[Opening SUPPLIED DATA section]
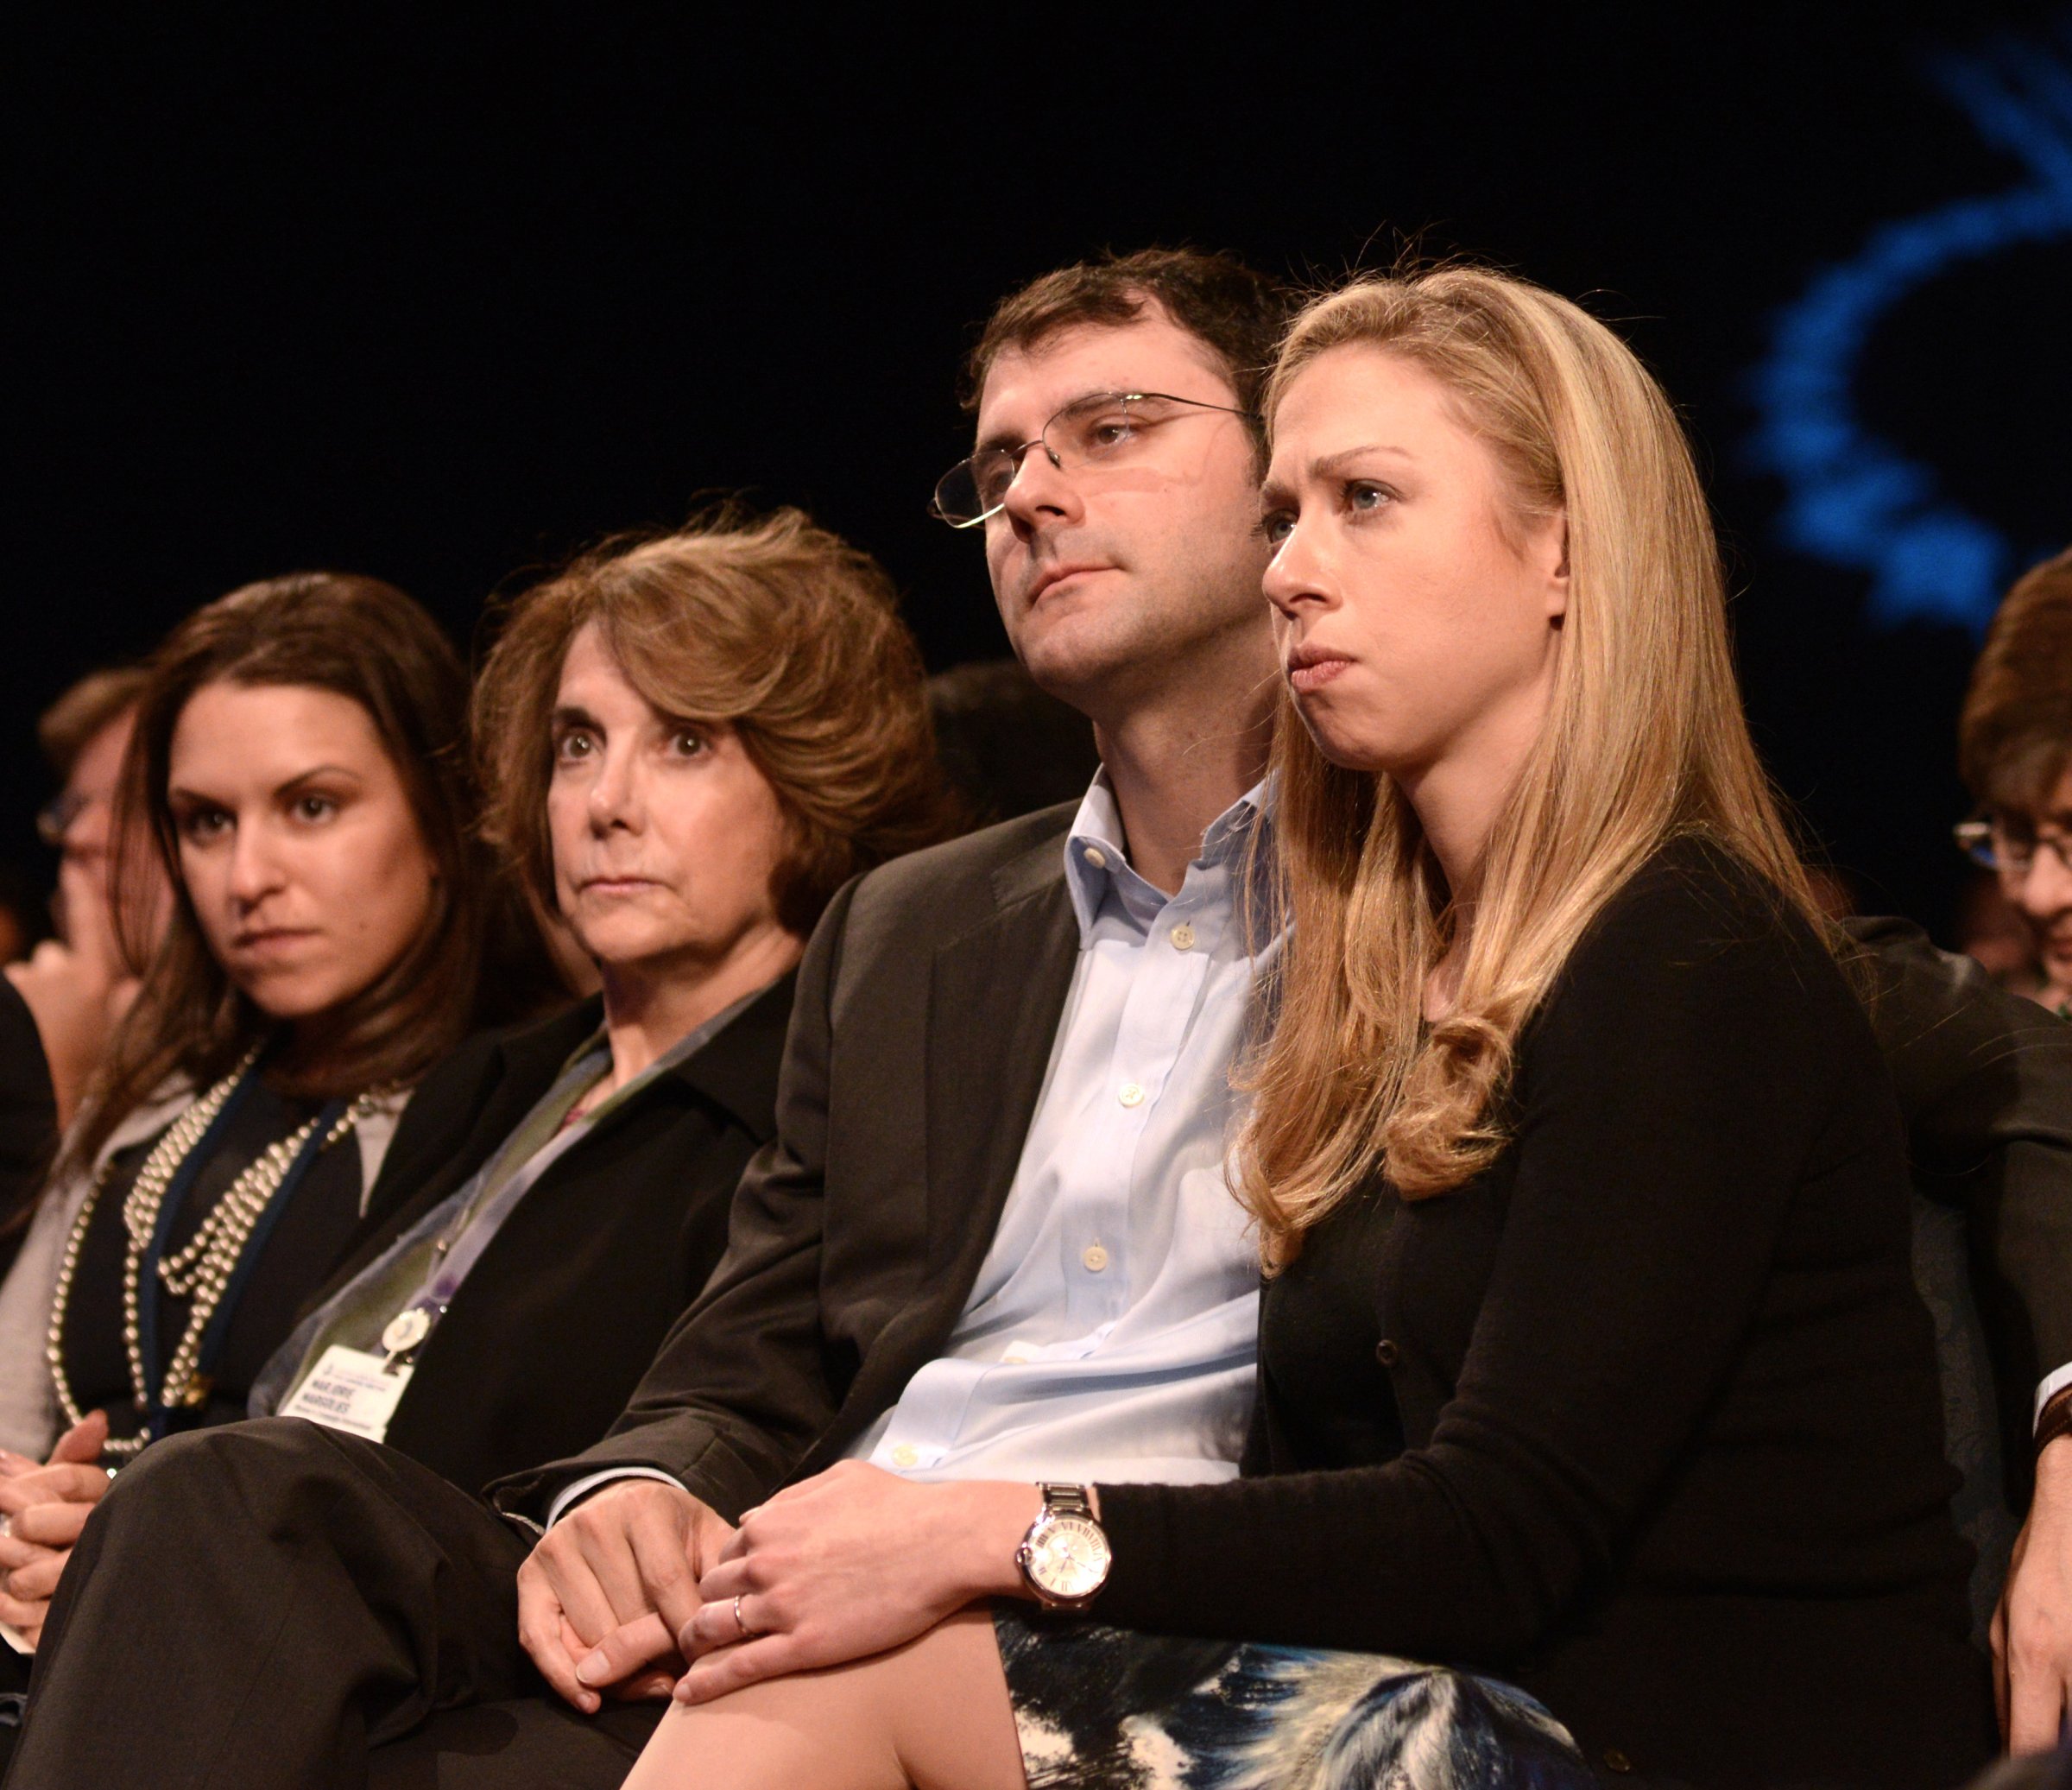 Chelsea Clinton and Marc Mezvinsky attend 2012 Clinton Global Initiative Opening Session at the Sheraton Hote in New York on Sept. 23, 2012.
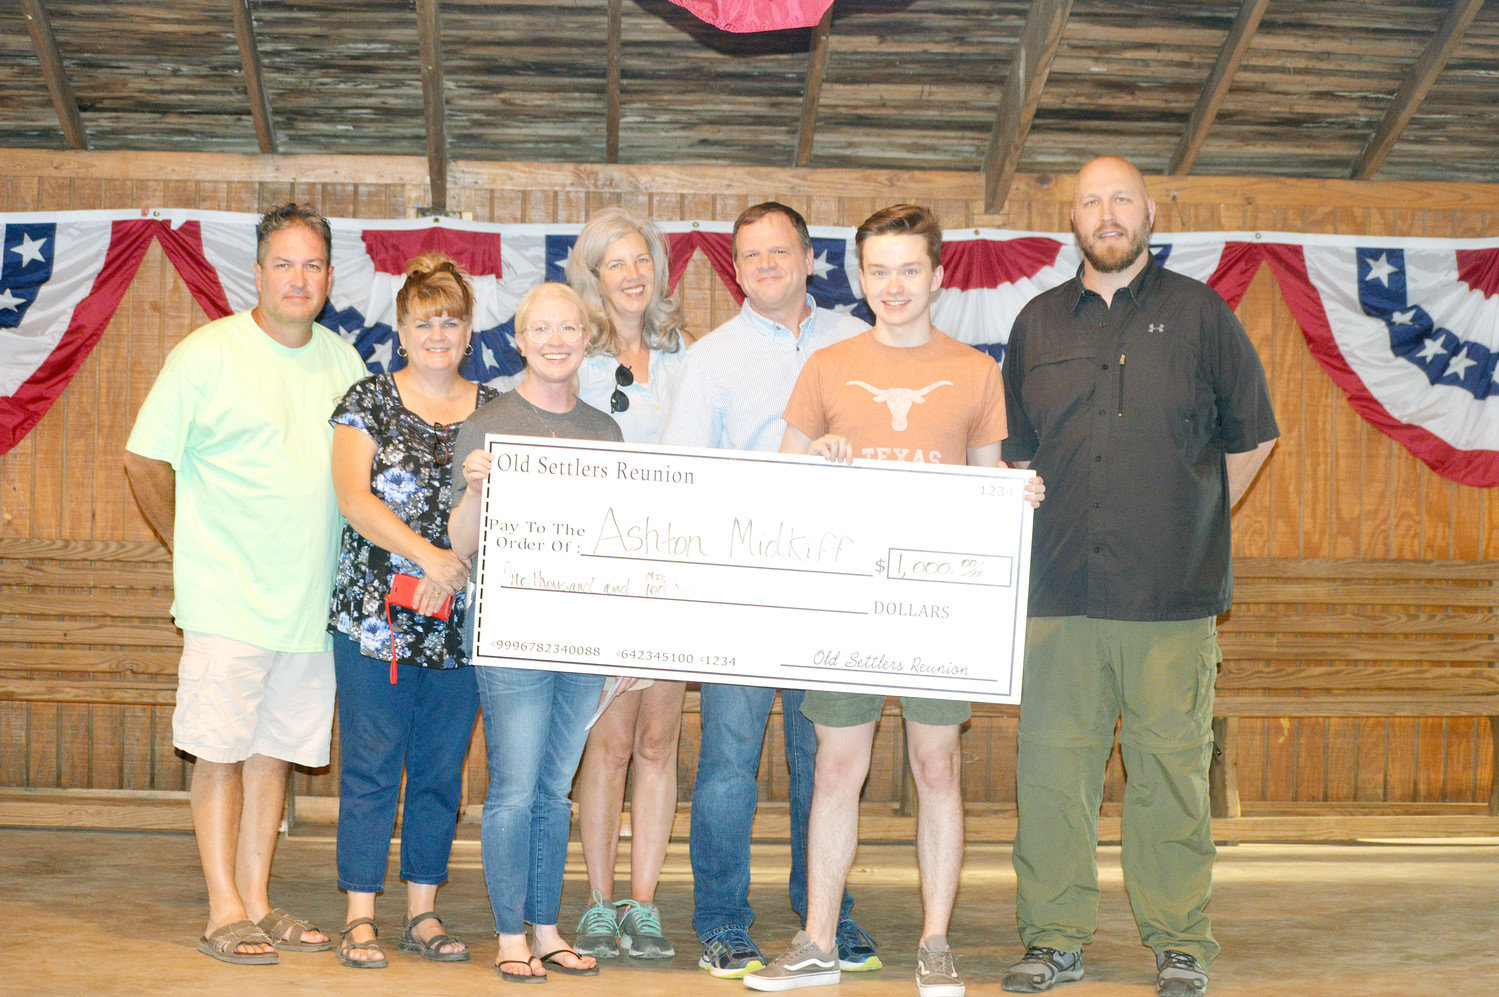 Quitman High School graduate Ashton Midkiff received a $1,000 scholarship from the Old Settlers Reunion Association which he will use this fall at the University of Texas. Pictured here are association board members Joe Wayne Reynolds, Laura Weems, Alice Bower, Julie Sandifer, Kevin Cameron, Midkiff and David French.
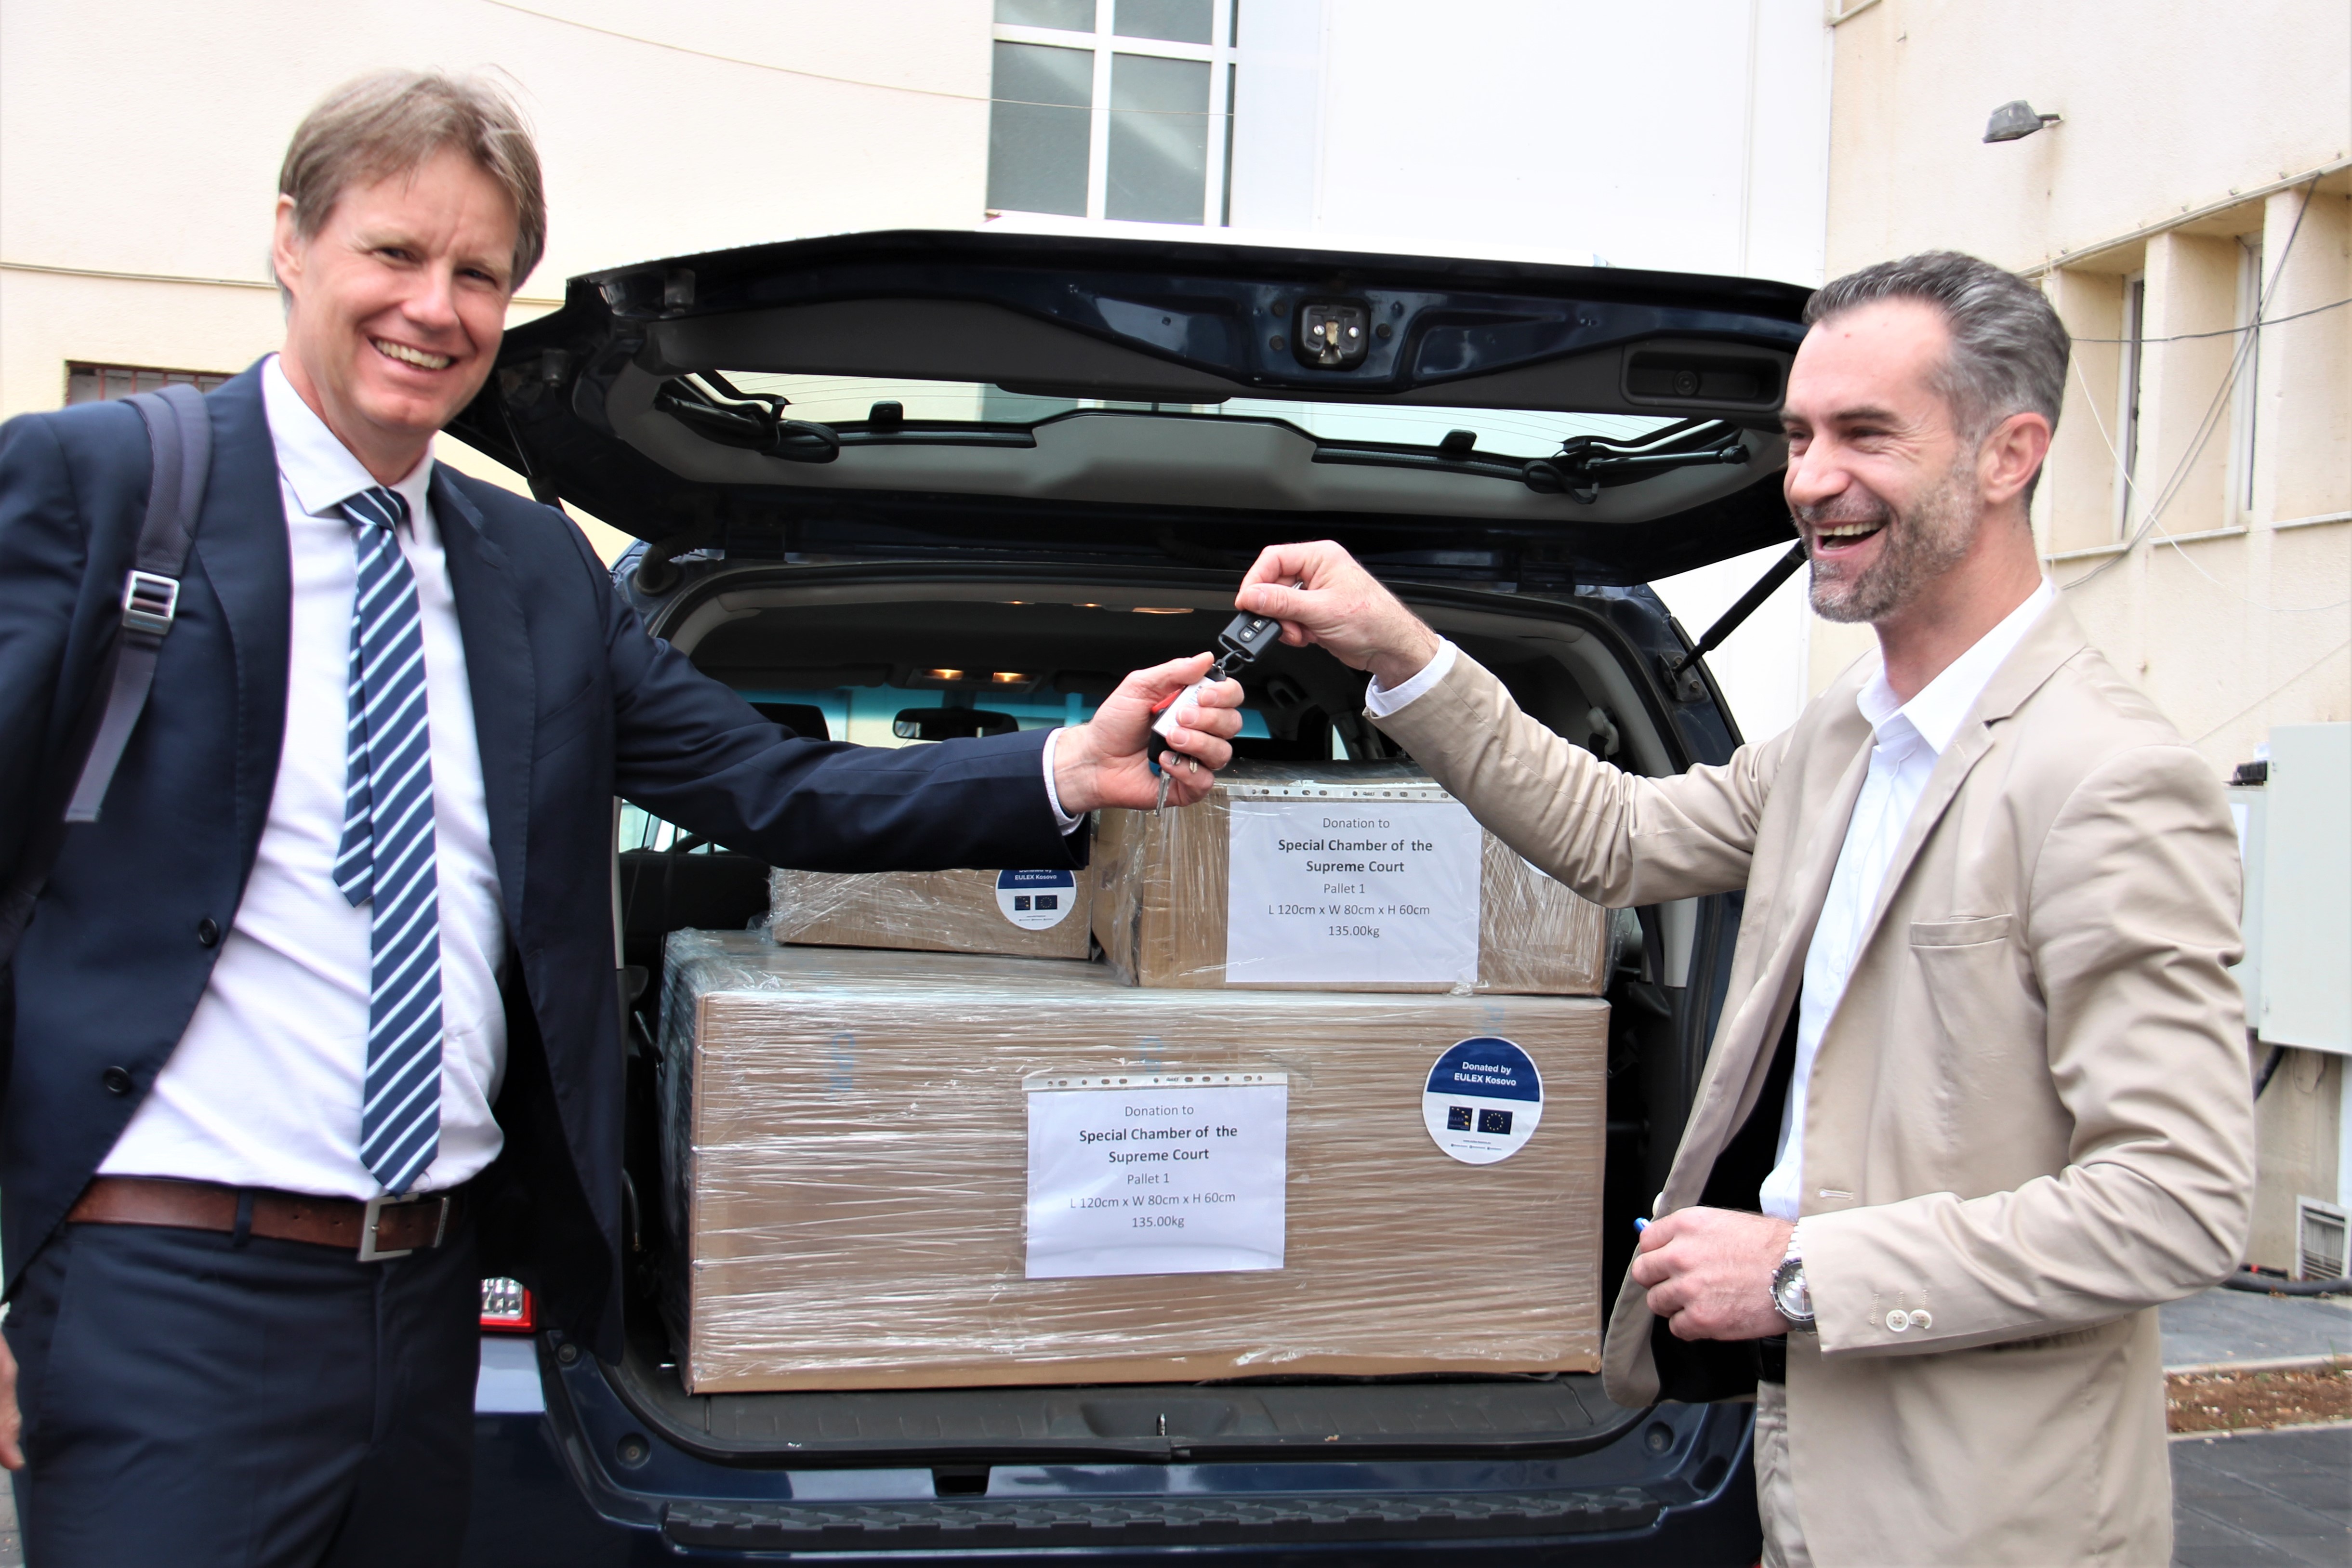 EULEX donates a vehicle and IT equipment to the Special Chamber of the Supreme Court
[Closing SUPPLIED DATA section]
▶ _ACTION ITEM_
Retype the whole listing above exactly as written. Skip the pictures.

▶ _RESULT OF THIS TASK_
 Chelsea Clinton and Marc Mezvinsky attend 2012 Clinton Global Initiative Opening Session at the Sheraton Hote in New York on Sept. 23, 2012.
 Quitman High School graduate Ashton Midkiff received a $1,000 scholarship from the Old Settlers Reunion Association which he will use this fall at the University of Texas. Pictured here are association board members Joe Wayne Reynolds, Laura Weems, Alice Bower, Julie Sandifer, Kevin Cameron, Midkiff and David French.
 EULEX donates a vehicle and IT equipment to the Special Chamber of the Supreme Court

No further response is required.